Wednesday, June 19, 2013

Too-Mulch-Uous

I know I'm not rocking anyone's horticulture world by recounting the universally documented virtues of mulching, Still, it might bear repeating:

* You absolutely will have fewer weeds
* Watch your water bill drop because your plants and soil are losing less precious water
* Less soil compaction  from driving rains and perhaps foot traffic (from two and four-legged family members)
* Insulating soils from extremes in temperature fluctuation. That works both ways to benefit plants. Soil temperatures drop more slowly in the fall under mulched soils. Roots continue to develop while soil temperatures are above 40 degrees F. Durng the heat of summer plant roots benefit from cooler soil temperatures, too
* Mulches provide organic matter that improves soil structure. Mulch also increases microbial activity that converts organic matter into nutrients
* Research indicates pine fines or pine bark mulch actually have innate fungal-inhibiting properties that make them a smart choice to use for rhododendrons and azaleas

May I just get this one pet peeve off my chest? Why do some landscapers insist on building beaver dams of mulch? You've seen what I'm talking about. Unfortunately, it's an all too frequent occurrence. The mulch is mounded around the trunk at least a foot deep. Guys (women would never do this), root systems need oxygen- just like your lungs. Beaver dam mulching not only reduces oxygen to roots, it keeps bark tissue wet. Wet bark is subject to all kinds of issues. When bark tissue isn't healthy, that's stress. Plant stress often leads to insect and disease problems. Enough said?


 

We know it isn't difficult to mulch properly. Leave a two to four inch diameter opening of naked soil from the trunks of trees, or the outer edge of multi-stemmed shrubs. Spread mulch there, away from stems. In dense clay soils a one to two inch depth is fine. For sandy soils applying a three to four inch layer of mulch is appropriate. Extend the mulch as far as feasible within the context of your garden beds or lawn.

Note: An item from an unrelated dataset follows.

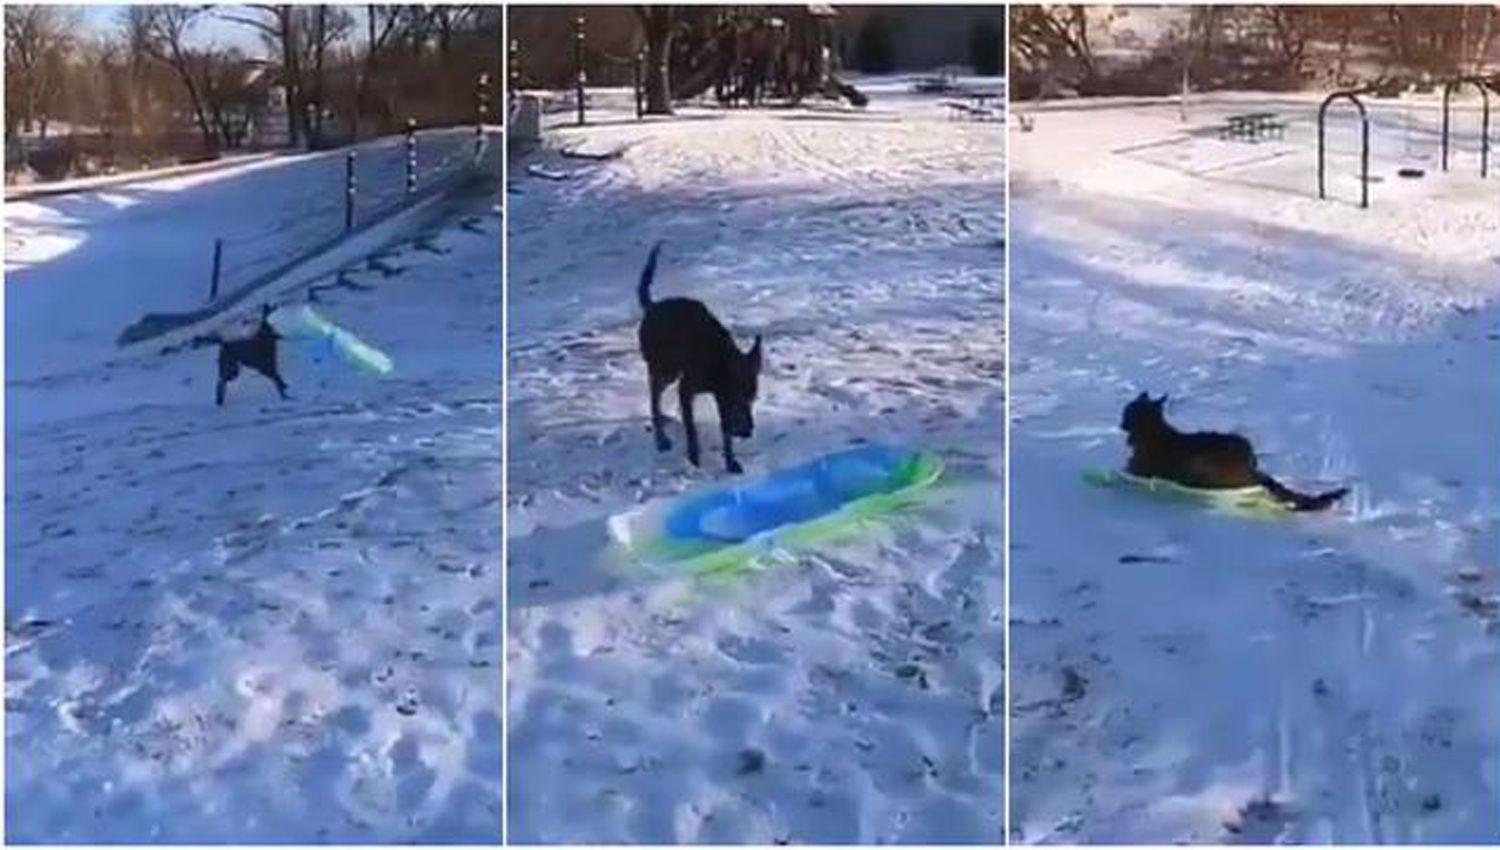 El viacutedeo viral de un perro en la nieve que bate reacutecords de reproducciones

I heard a presentation a few years ago that I thought was interesting. Yes, you would probably be surprised at what I find interesting. Whenever possible, try to replicate what the plant would receive at its feet in nature. So, for trees and shrubs, consider using wood-barked based products that are broken down by fungi. For soft-stemmed annuals, perennials and veggies use "green" mulches that are dominated by bacteria- compost, leaf mulch, cotton burr compost, for example.


 

Don't get hung up on trying to match different mulches throughout your landscape. The most important thing is to mulch, rather than NOT.  Don't forget one last benefit of mulch- appearance, appearance, appearance. In addition to all the documented physical benefits mulch acts as a unifying element. It ties your plants together visually in a way that is very pleasing.

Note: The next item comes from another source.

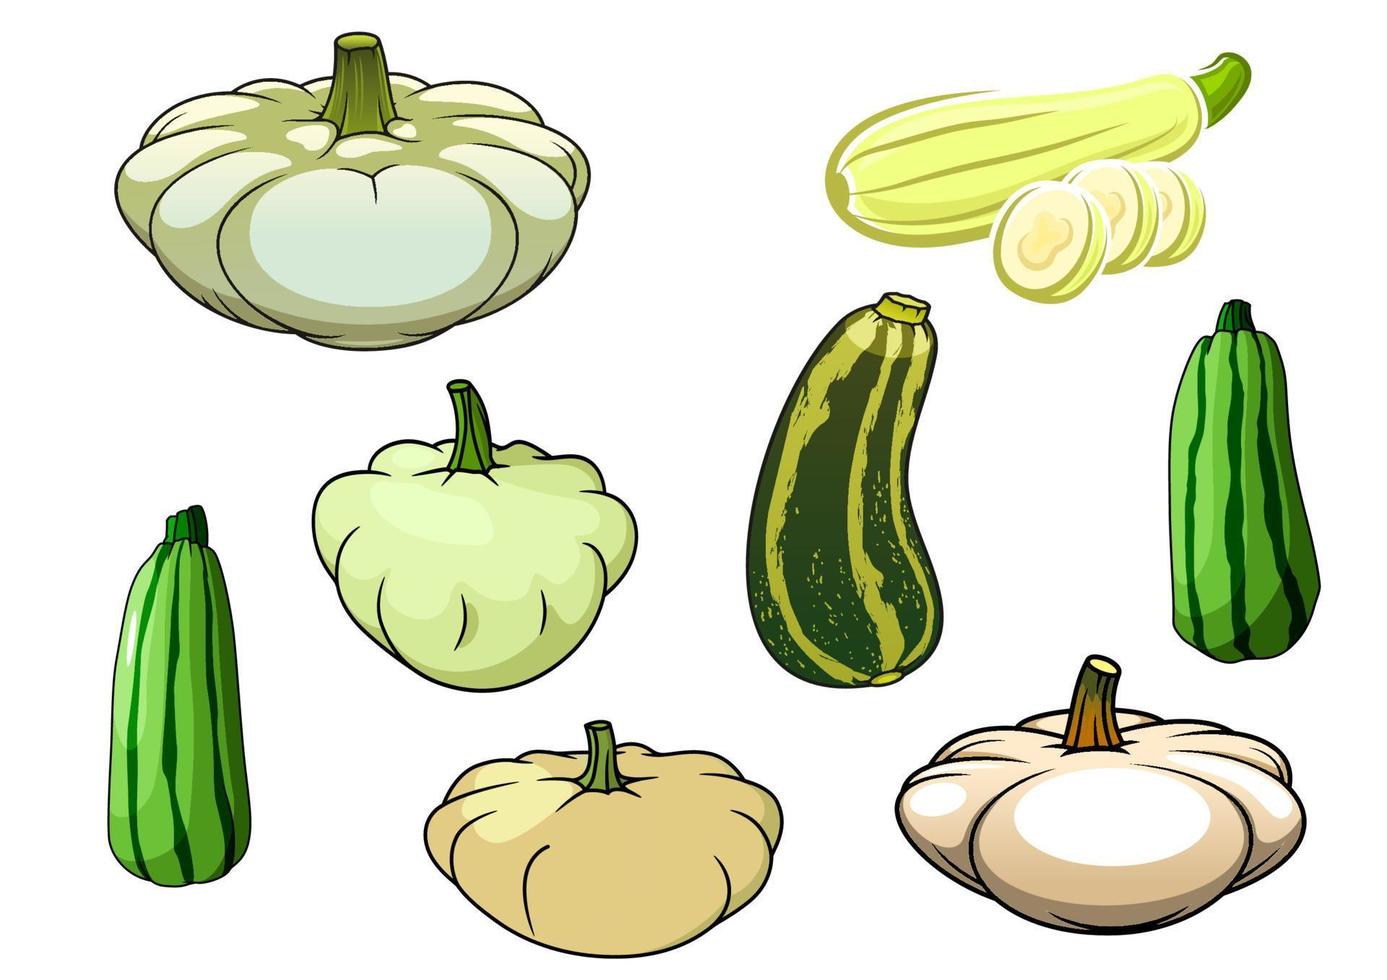 Pumpkin, zucchini and pattypan squash vector

You don't know how lucky you are I didn't get started on white marble chip "mulch".  

Wednesday, June 5, 2013

Speed Date Confessions


Before I begin blogging I must take a minute to thank and tip my hat to my predecessor, Karen Geisler, who has put her horticultural heart and soul into The Hortiholic from Day One. Job well done, Karen. Thank you for setting the bar so high.

Somehow, this first blog feels like a speed date. You’ve seen those structured date-athons where women get a seat at a small table, usually in a restaurant, with one empty seat on the opposite side. The starter calls time and the men take a seat. Everyone has three minutes to share their assets before time is called and the men move to the next seat and the next potential match. Ah, romance.


So, here goes. I’m an only child who started gardening when my family moved to Champaign, Ill. One summer day I was bored, and decided to talk to the neighbor lady as I saw her head out to her flower garden, shovel in hand. She promptly told 9-year-old me that I wasn’t going to sit and talk while she was working, so I’d darned well better pick up a hoe and get on those weeds. I didn’t know then how that 30-second conversation would change the course of my life, but did it ever. Maybe the Universe does send us what we need?

Within two weeks, I convinced Dad that sod wasn’t a virtue and commandeered a 7 by 12 foot parcel of lawn. By 16, I was working at a garden center every weekend and summers. During my second semester of freshman year at the University of Illinois, I came to my senses and transferred out of Pre-Vet. That’s when my future came into focus. I graduated seven semesters later with a bachelor’s degree in ornamental horticulture. With the exception of a six month stint at Ball Seed Company as azalea buyer, my last 47 years have been spent learning from my garden center customers, first in central Illinois and now at Chalet, in the Chicago North Shore suburb of Wilmette,Ill.

 I’m fortunate to have six-tenths of an acre that has been mine for 24 years. When you collect “woodies”, you can only plant so much before you have to either remove and replant the newest, rarest cultivar, or live with what you have. My passion is anything beech, especially the cultivars of European Beech (Fagus sylvatica). I have 19 as of this minute. Perennials on the other hand are like jello -- there’s always room for more. Since I’d rather be in the garden than in the kitchen, I’ll readily admit to more interest and expertise in ornamentals than edibles.

What do you mean, the time’s up? I haven’t even shared my astrological sign yet.